Cellular morphological analysis of neurospheres. (A) Neurospheres vary in shape; some are well-formed spheres, whereas others are irregular cell clusters. (B) The P1 of NSCs cultures contained cell debris. (C) By P3, neurosphere cultures contained less debris compared with P1. The neurospheres adopted spherical shapes with bright surfaces. (D) Healthy neurospheres are composed of many individual cells and possess small cilia that are apparent on the outer edge. All images were viewed at 100X magnification using an inverted microscope.(Click on the image to enlarge.)
Immunocytochemical staining of embryonic striatal stem cells in culture. Results show that neurospheres were positively stained for nestin (red). (A) Phase-contrast image of a neurosphere. (B) Negative control. (C) Adult rat hippocampal neural stem cells as positive control. (D) Neurosphere at P1. (E) Neurosphere at P3. Neurospheres were viewed at 200X magnification using a Pascal 5 confocal microscope (Carl Zeiss, Germany).(Click on the image to enlarge.)
Long term maintenance of neurospheres in vitro
In this study, we have evaluated the relative sizes of NSCs from the four different combinatorial groups of growth factors: e.g., group A (without growth factor), group B (EGF/bFGF), group C (EGF/bFGF/LIF), group D (EGF/bFGF/IGF-1) and group E (EGF/bFGF/LIF/IGF-1) at four passages (P1, P3, P5 and P7). These neurospheres were able to remain as undifferentiated spheres till P7. Additionally, the amount of debris was reduced following continuous passaging in all of the groups. We also found that the NSC spheres grew to different sizes in the different growth factor groups. For example, our results show that neurospheres from group D were relatively larger and mature than those from the other groups during all of the examined passages (Figure 3). On the other hand, group A had the smallest spheres during all passages. Interestingly, group D neurospheres from P3 to P7 showed the greatest confluency only three days after subculture, in contrast with the other groups, but with a much denser core as compared to other groups.

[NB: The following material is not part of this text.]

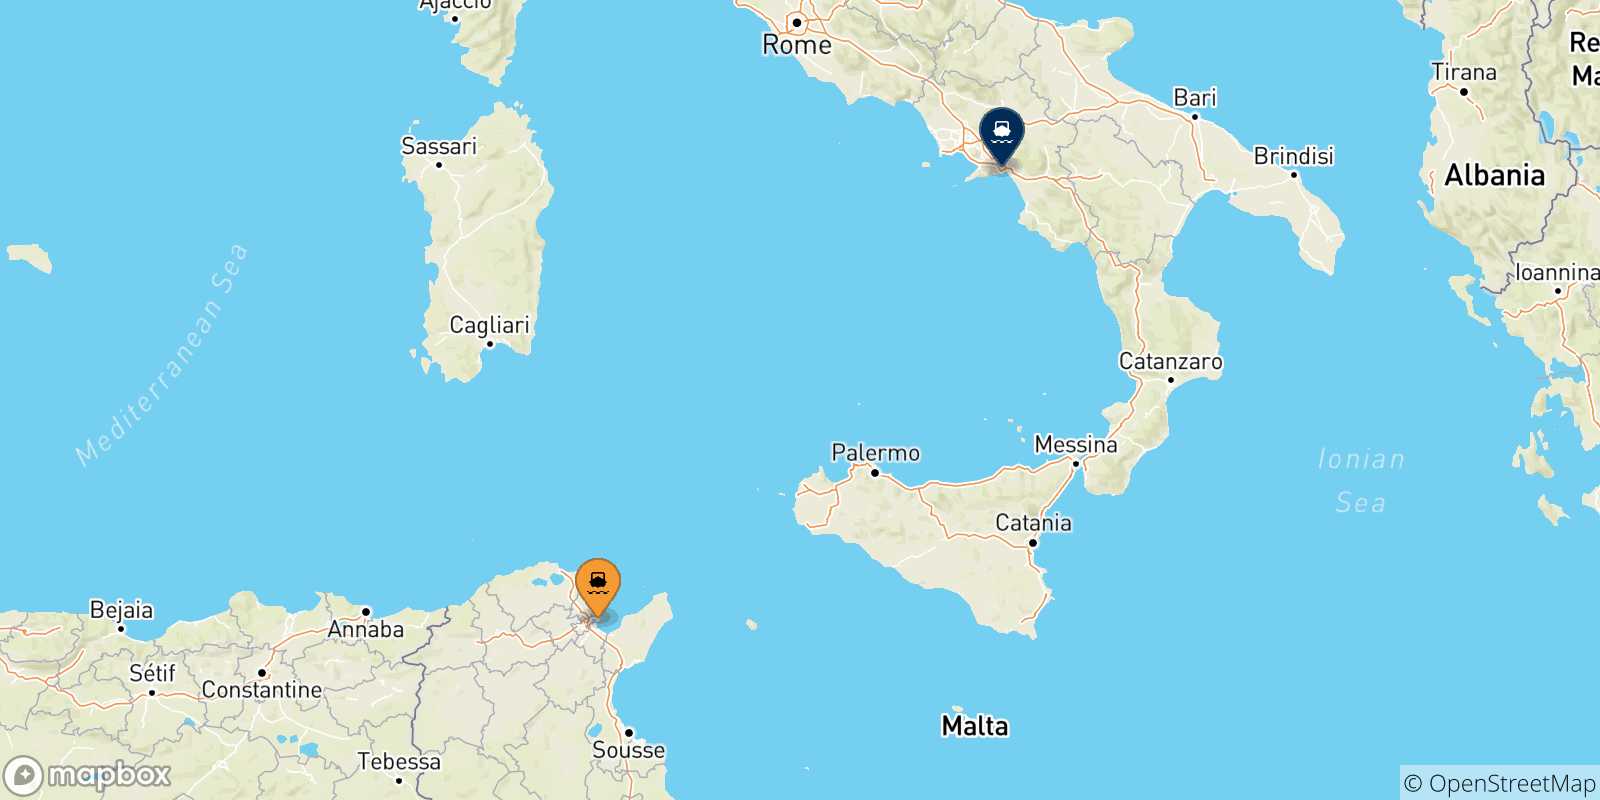 Mappa delle possibili rotte tra la Tunisia e Salerno
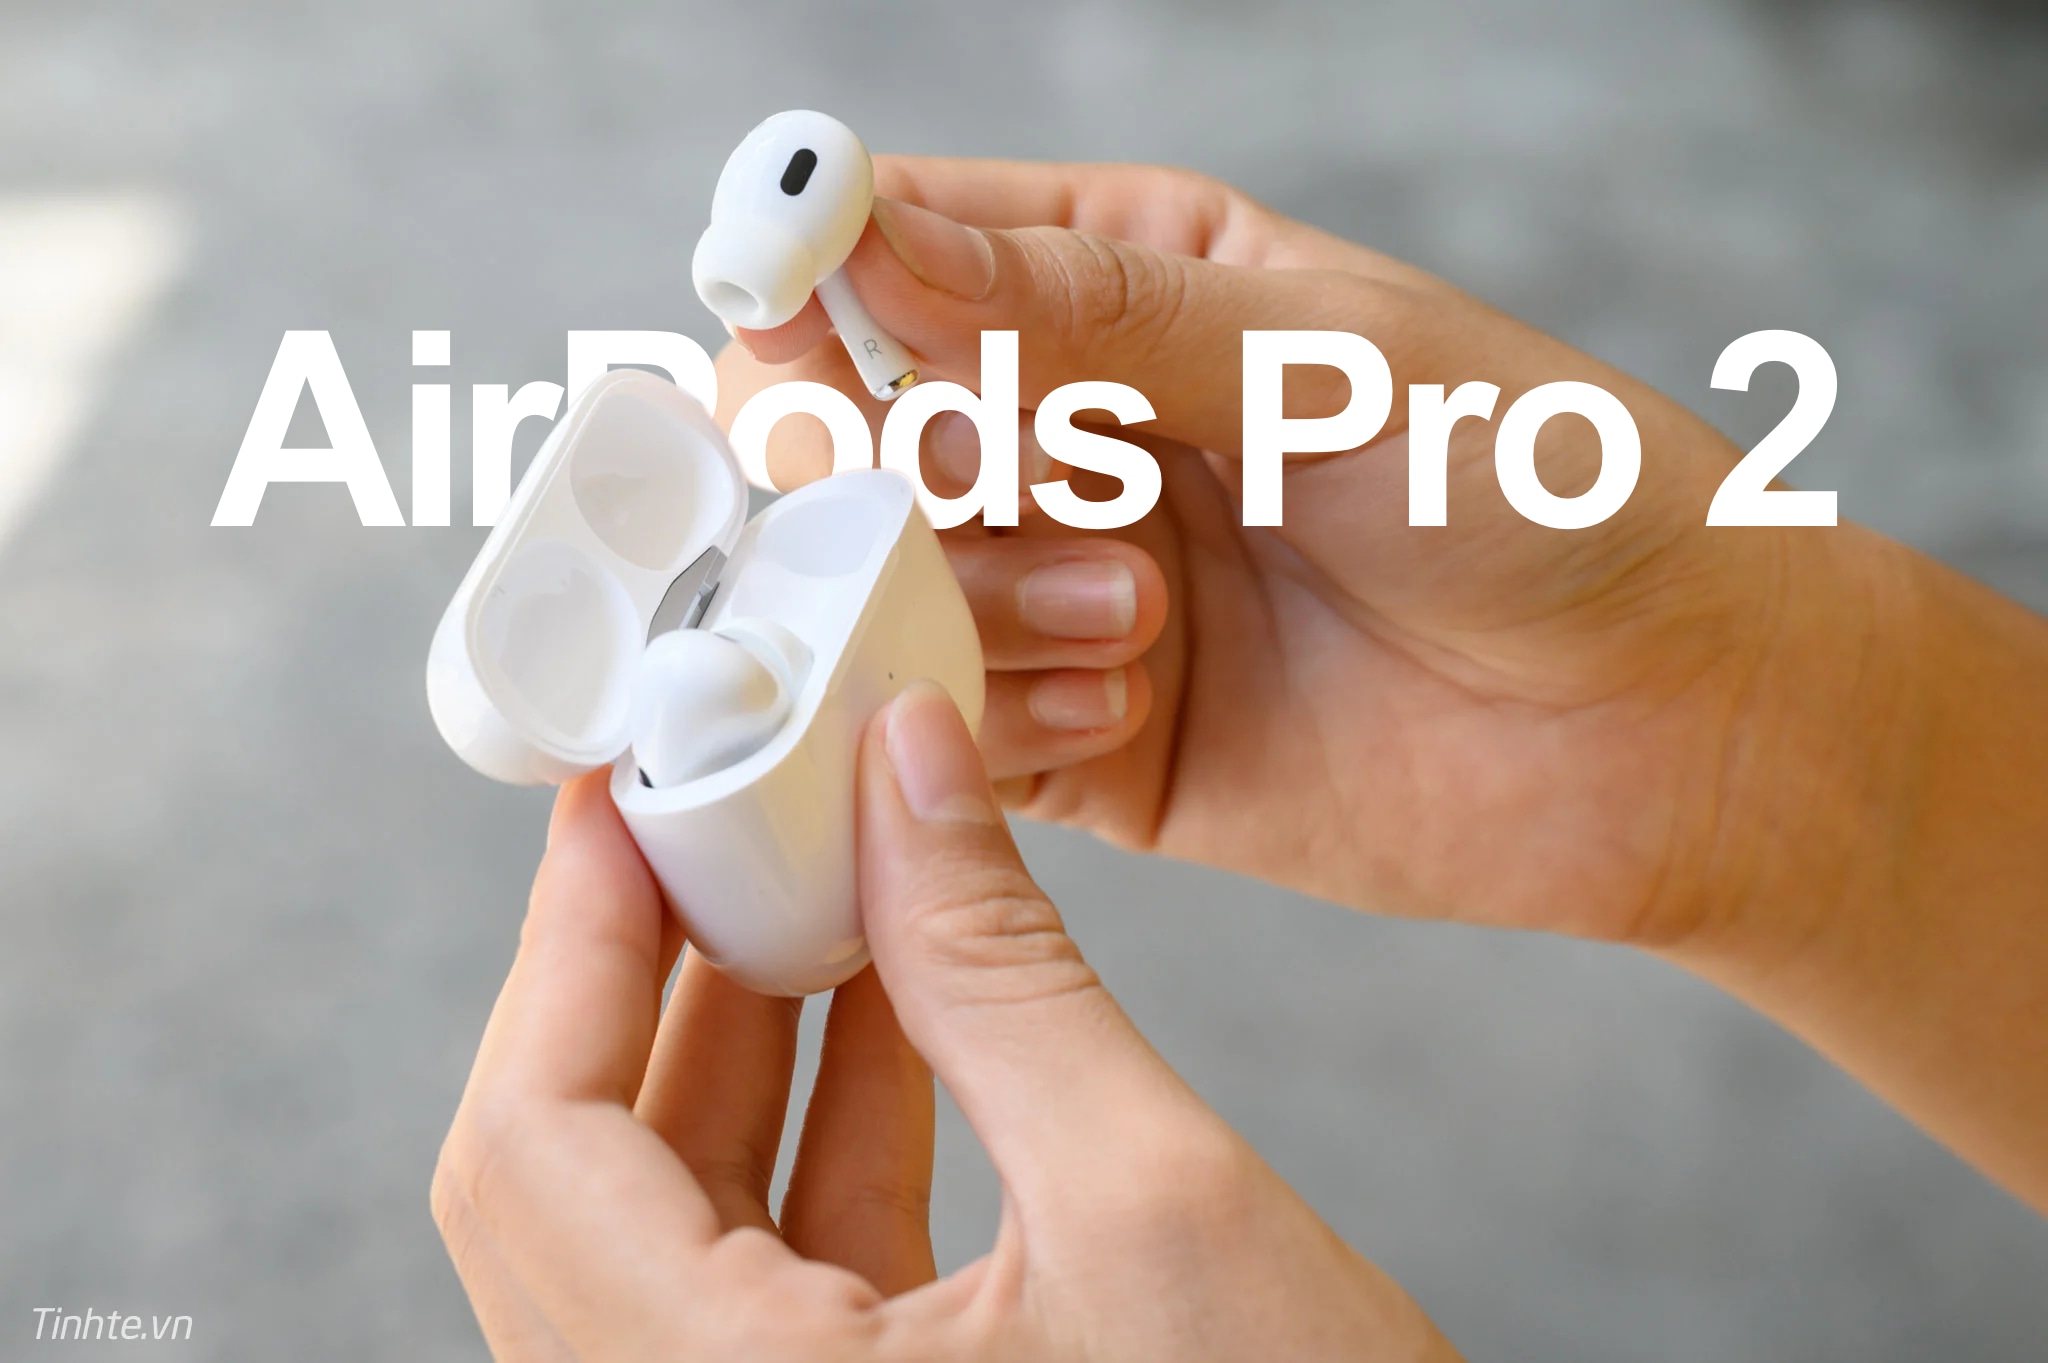 Cuối năm nay, AirPods Pro sẽ được cập nhật những tính năng này

The NSCs at P1 until P7 shows different sizes of neurospheres grown in different groups of growth factors. Group A (without growth factor); Group B (EGF/bFGF); Group C (EGF/bFGF/LIF); Group D (EGF/bFGF/IGF-1) and group E (EGF/bFGF/LIF/IGF-1). Group D had the largest in size of neurospheres. Viewed at 100X magnification using an inverted microscope.(Click on the image to enlarge.)
Effect of IGF-1 on proliferation and survival of NSCs
To understand the role of long term proliferation and survival efficiency of neurospheres in vitro, we have grown EGF/FGF responsive NSCs alone and under the influence of different combinations of growth factors until passage 7. To elucidate the effects of these factors on proliferation of NSCs, we have investigated the changes in their metabolic viability at different time intervals (24 hrs, 48 hrs, 72 hrs and 96 hrs) till P7, using a spectrophotometric based cell proliferation assay in vitro. This assay demonstrated a visual representation of changes in the number of metabolically viable cells among different treatment groups, by evaluating the metabolic activity of cellular enzymes that converted the tetrazolium dye MTS ([3-(4,5-dimethylthiazol-2-yl)-5-(3-carboxymethoxyphenyl)-2-(4-sulfophenyl)-2H-tetrazolium, inner salt) into formazan product. So the amount of formazan production not only indicated both growth and proliferation of NSCs, also showed the effect of growth factor treatments on NSC cytotoxicity.
Our results suggested three important findings; 1) IGF-1 enhanced proliferation of neural stem cells during the early stages of neurogenesis in vitro (Fig. 4A); 2) IGF-1-I treated EGF/FGF responsive population showed higher survival efficiency as shown by less tunnel positive cells (Fig. 4B); 3) LIF treatment couldn't rescue the EGF/FGF responsive cells even in the presence of IGF-1 (Fig. 4A).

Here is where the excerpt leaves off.